Infections remain a leading cause of death in neonates. The sparse antibiotic development pipeline and challenges in conducting neonatal research have resulted in few effective antibiotics being adequately studied to treat multidrug-resistant (MDR) infections in neonates, despite the increasing global mortality burden caused by antimicrobial resistance. Of 40 antibiotics approved for use in adults since 2000, only four have included dosing information for neonates in their labelling. Currently, 43 adult antibiotic clinical trials are recruiting patients, compared with only six trials recruiting neonates. We review the World Health Organization (WHO) priority pathogens list relevant to neonatal sepsis and propose a WHO multiexpert stakeholder meeting to promote the development of a neonatal priority antibiotic development list. The goal is to develop international, interdisciplinary consensus for an accelerated neonatal antibiotic development programme. This programme would enable focused research on identified priority antibiotics for neonates to reduce the excess morbidity and mortality caused by MDR infections in this vulnerable population.
Les infections demeurent l'une des principales causes de décès chez les nouveau-nés. Les rares projets de développement d'antibiotiques et les défis posés par la recherche néonatale ont entraîné une pénurie d'antibiotiques efficaces spécialement étudiés pour traiter les infections multirésistantes (MR) chez les nouveau-nés, en dépit d'une mortalité galopante due à une résistance accrue aux antimicrobiens. Sur 40 antibiotiques autorisés pour les adultes depuis 2000, quatre à peine sont munis d'un étiquetage indiquant la posologie adaptée aux nouveau-nés. Actuellement, 43 essais cliniques portant sur des antibiotiques recrutent des patients du côté des adultes, contre six seulement du côté des nouveau-nés. Dans le présent document, nous passons en revue la liste prioritaire d'agents pathogènes établie par l'Organisation mondiale de la Santé (OMS) pour soigner la septicémie néonatale et proposons de réunir, sous l'égide de l'OMS, des parties prenantes issues de plusieurs domaines d'expertise afin de promouvoir la création d'une liste prioritaire de développement d'antibiotiques destinés aux nouveau-nés. Objectif: parvenir à un consensus international et interdisciplinaire visant à accélérer le programme de mise au point d'antibiotiques à usage néonatal. Ce programme permettrait d'orienter les recherches vers des antibiotiques identifiés comme prioritaires pour les nouveau-nés, en vue de faire baisser les taux de morbidité et de mortalité excessifs qu'engendrent les infections MR au sein de cette population vulnérable.
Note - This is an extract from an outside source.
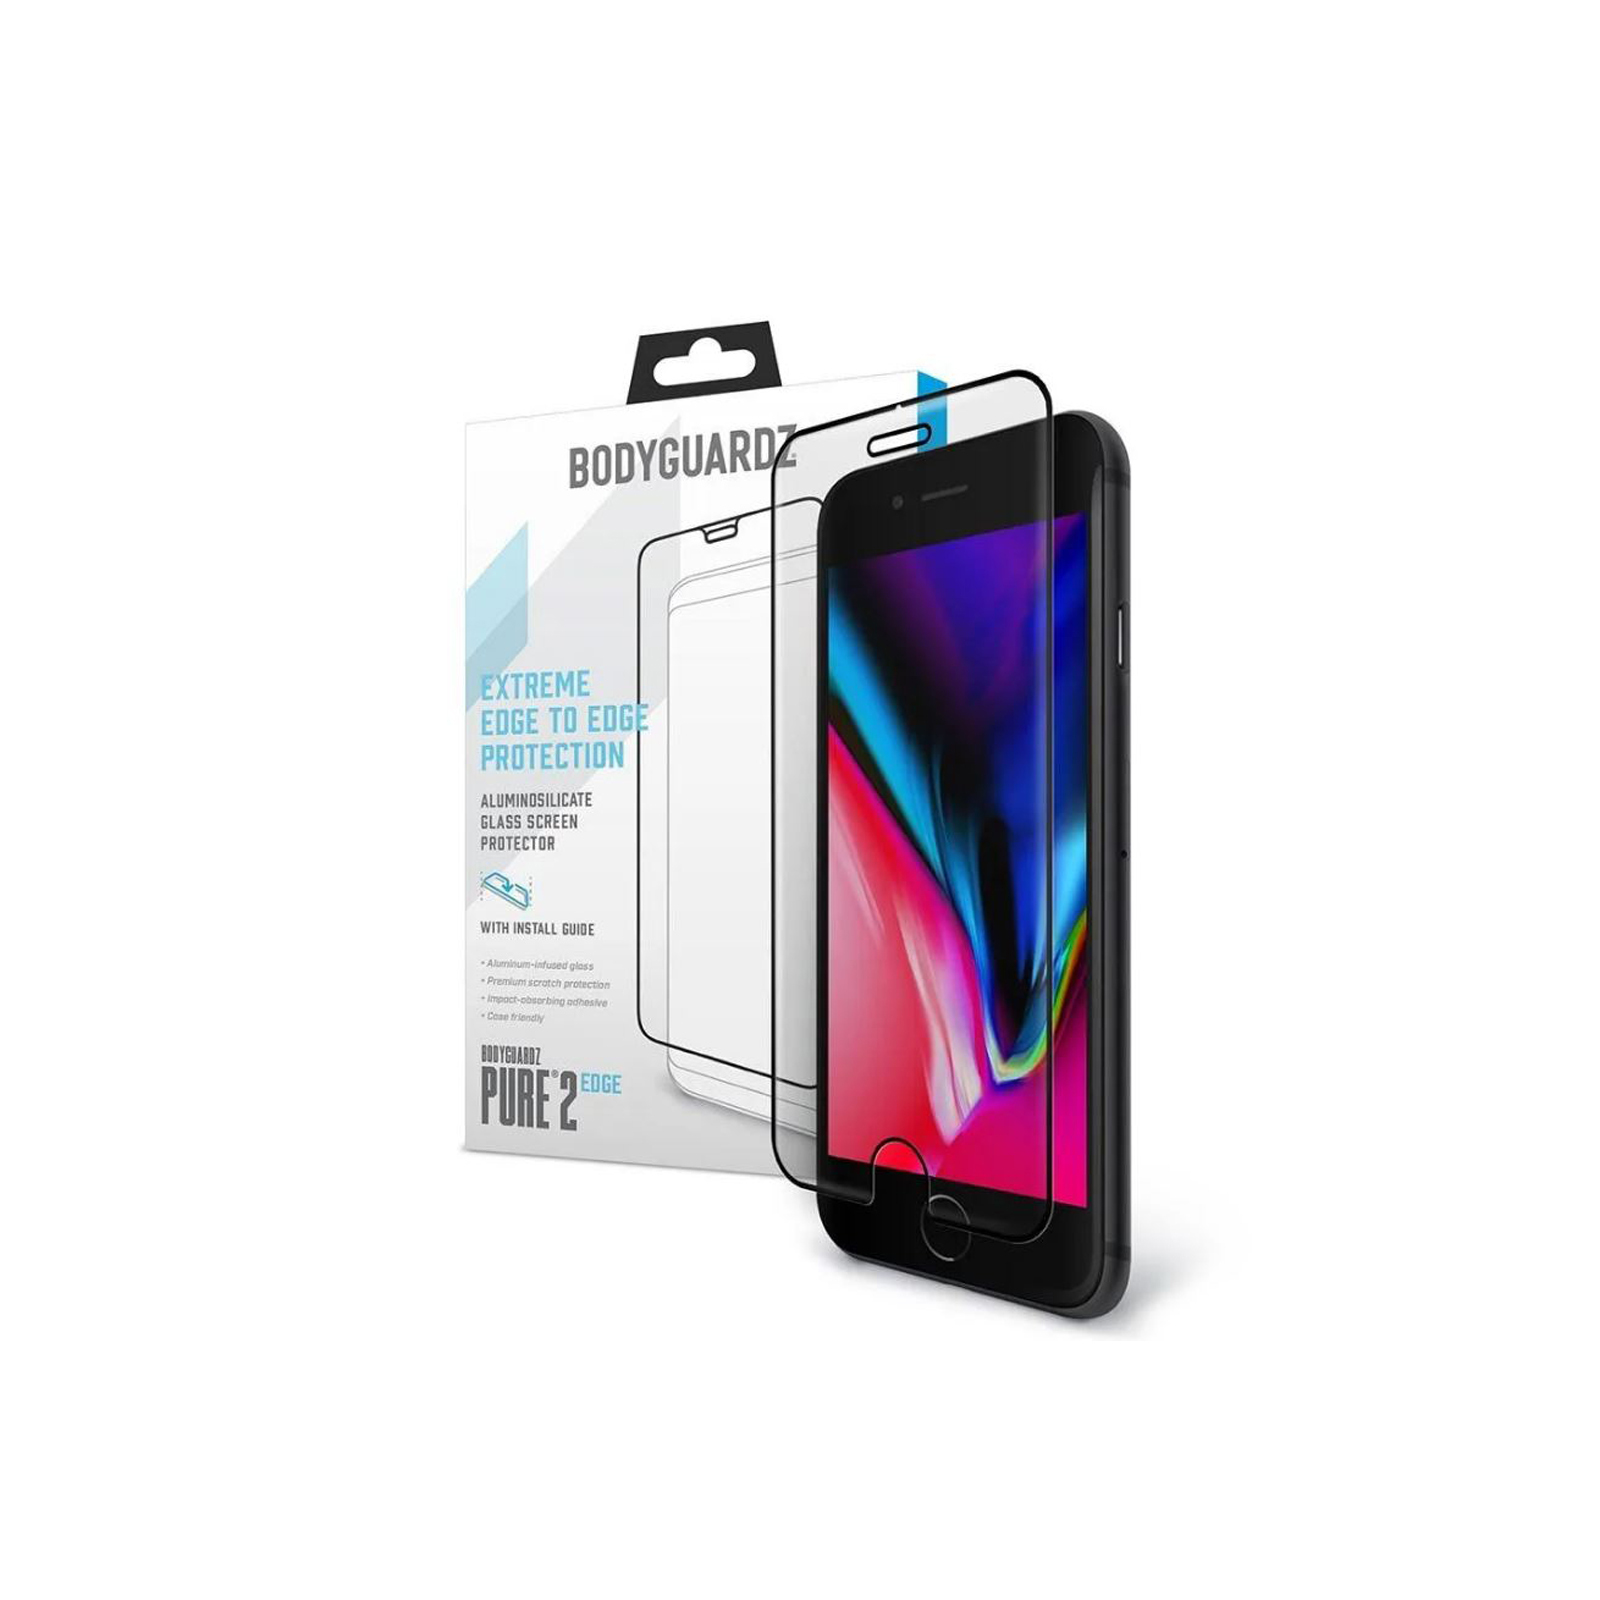 BodyGuardz Sceenpure Glass iPhone 6/6s Screen Protector - Brand New

Las infecciones siguen siendo una de las principales causas de muerte en los recién nacidos. Debido al escaso desarrollo de los antibióticos y a las dificultades para llevar a cabo la investigación neonatal, son pocos los antibióticos eficaces que se estudian de manera adecuada para tratar las infecciones multirresistentes (MR) en los recién nacidos, a pesar de la creciente carga de mortalidad mundial causada por la resistencia a los antimicrobianos. De los 40 antibióticos aprobados para su uso en adultos desde el 2000, solo cuatro han incluido información sobre la dosis para recién nacidos en su etiquetado. En la actualidad, 43 ensayos clínicos con antibióticos para adultos están reclutando pacientes, en comparación con solo seis ensayos que reclutan recién nacidos. Se revisa la lista de patógenos prioritarios de la Organización Mundial de la Salud (OMS) relevantes para la sepsis neonatal y se propone una reunión de la OMS con múltiples expertos para promover el desarrollo de una lista de antibióticos prioritarios para los recién nacidos. El objetivo es desarrollar un consenso internacional e interdisciplinario para establecer un programa acelerado de desarrollo de antibióticos neonatales. Este programa permitiría centrar la investigación en los antibióticos prioritarios identificados para los recién nacidos con el fin de reducir el exceso de morbilidad y mortalidad causado por las infecciones MR en esta población vulnerable.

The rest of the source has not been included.